Work required: In the listing below, find the line containing "Null Jean LAMBERT-RUCKI (1888-1967)" and the line containing "Prueba en bronce dorado &hellip;", then copy exactly everything from the first through the second, except the pictures.

--- Task inputs Enclosed Below ---

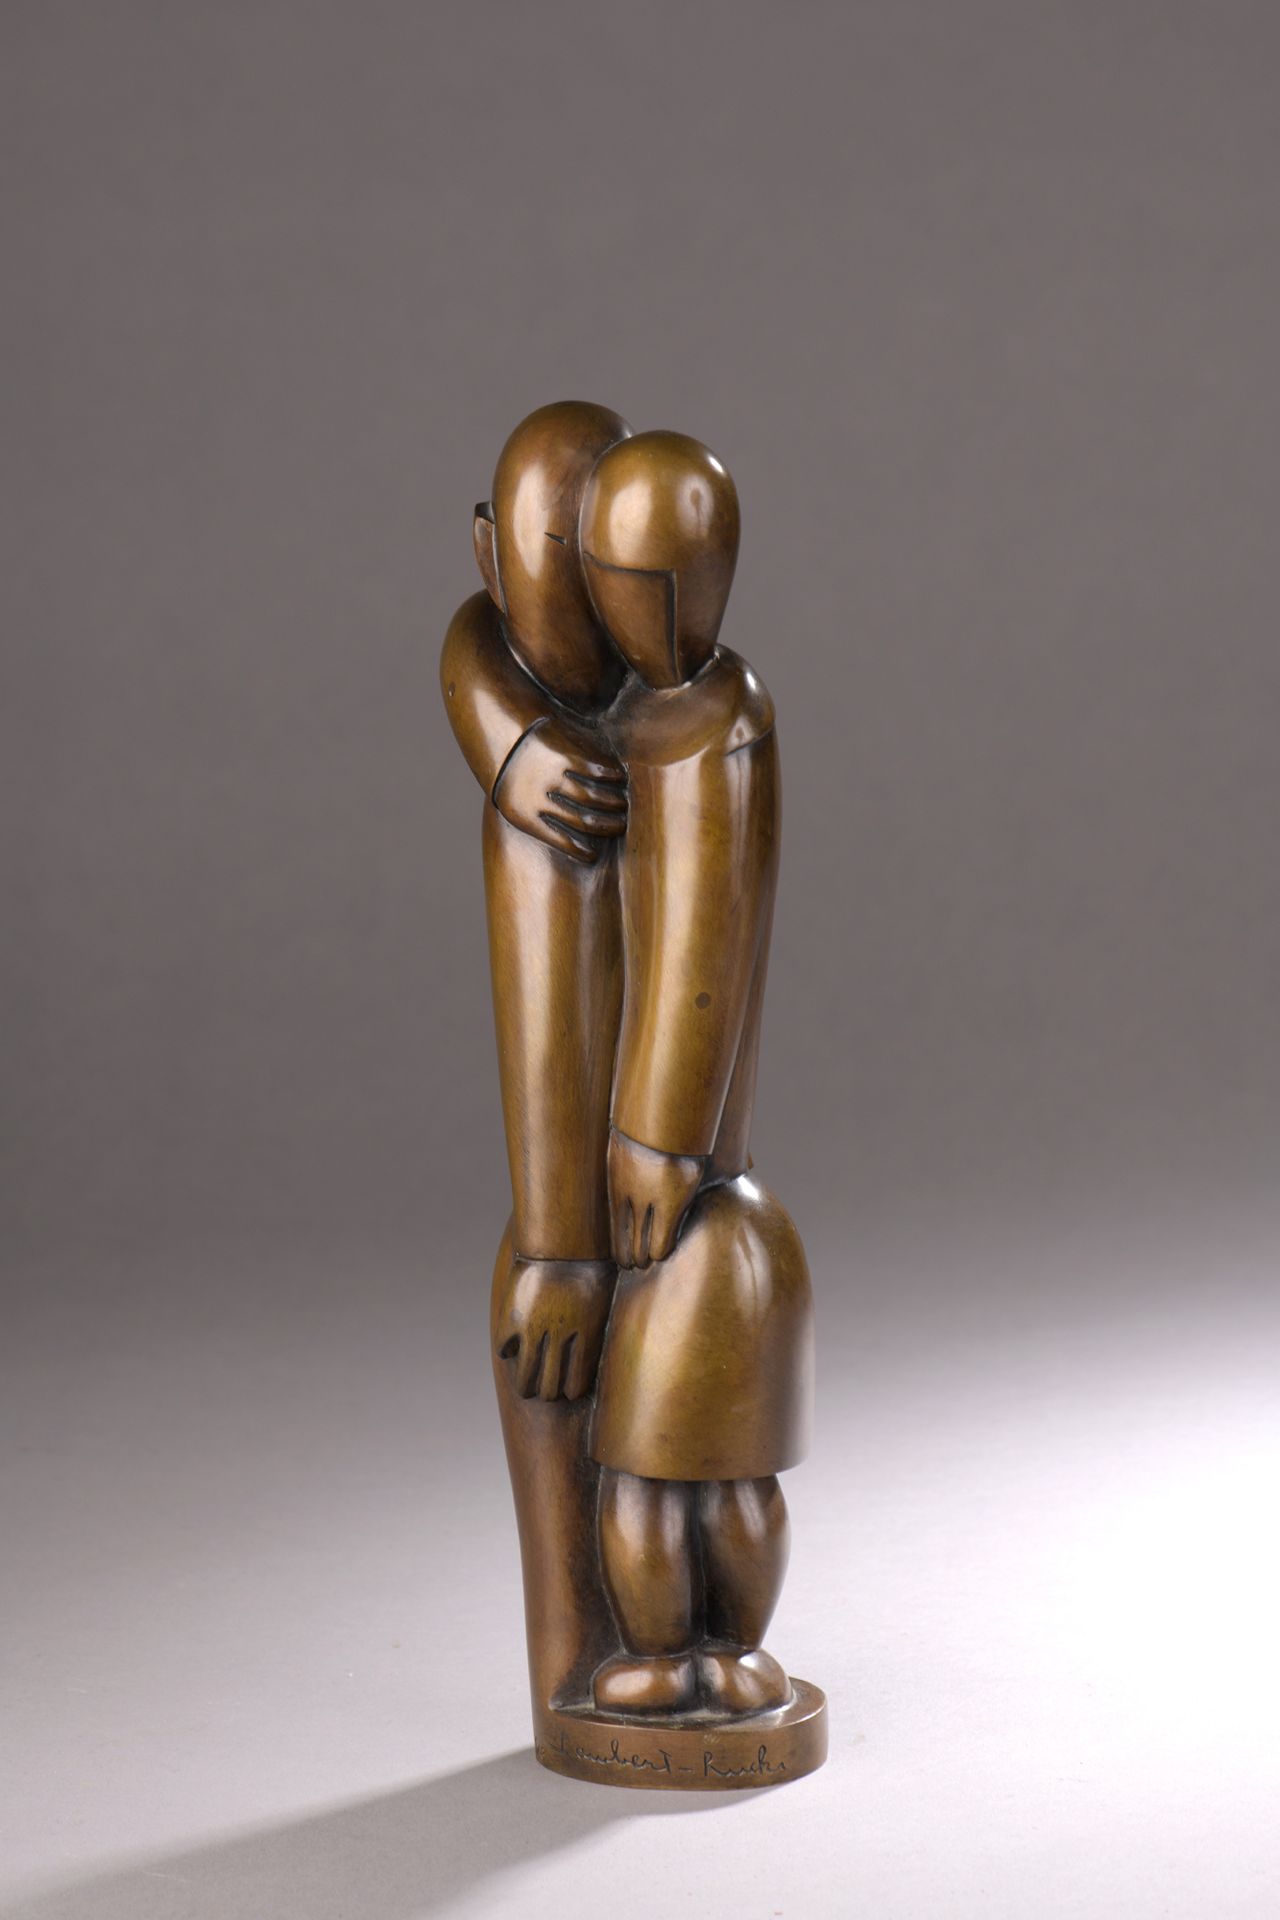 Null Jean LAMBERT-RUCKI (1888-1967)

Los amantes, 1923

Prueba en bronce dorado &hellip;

--- End of Enclosed Task inputs ---
--- Task inputs Enclosed Below ---

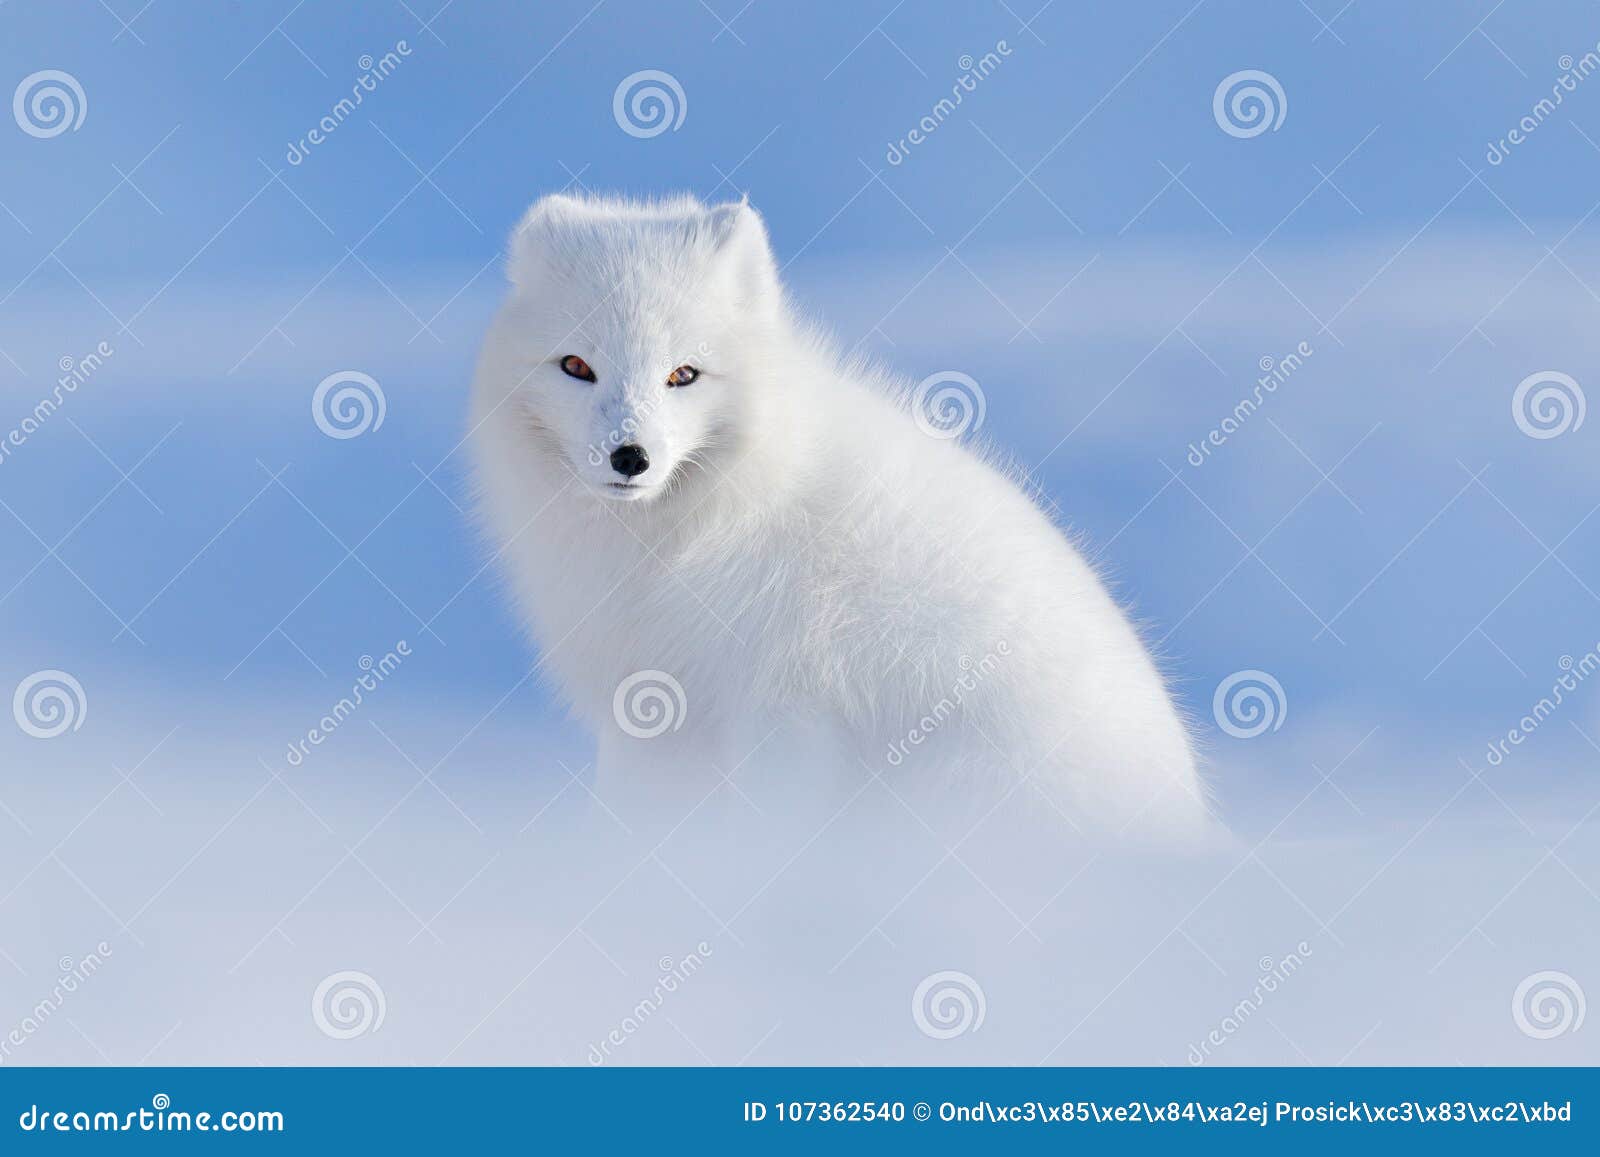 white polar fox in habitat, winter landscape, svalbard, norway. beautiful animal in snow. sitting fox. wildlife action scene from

--- End of Enclosed Task inputs ---

Finished task:
 Null Jean LAMBERT-RUCKI (1888-1967)

Los amantes, 1923

Prueba en bronce dorado &hellip;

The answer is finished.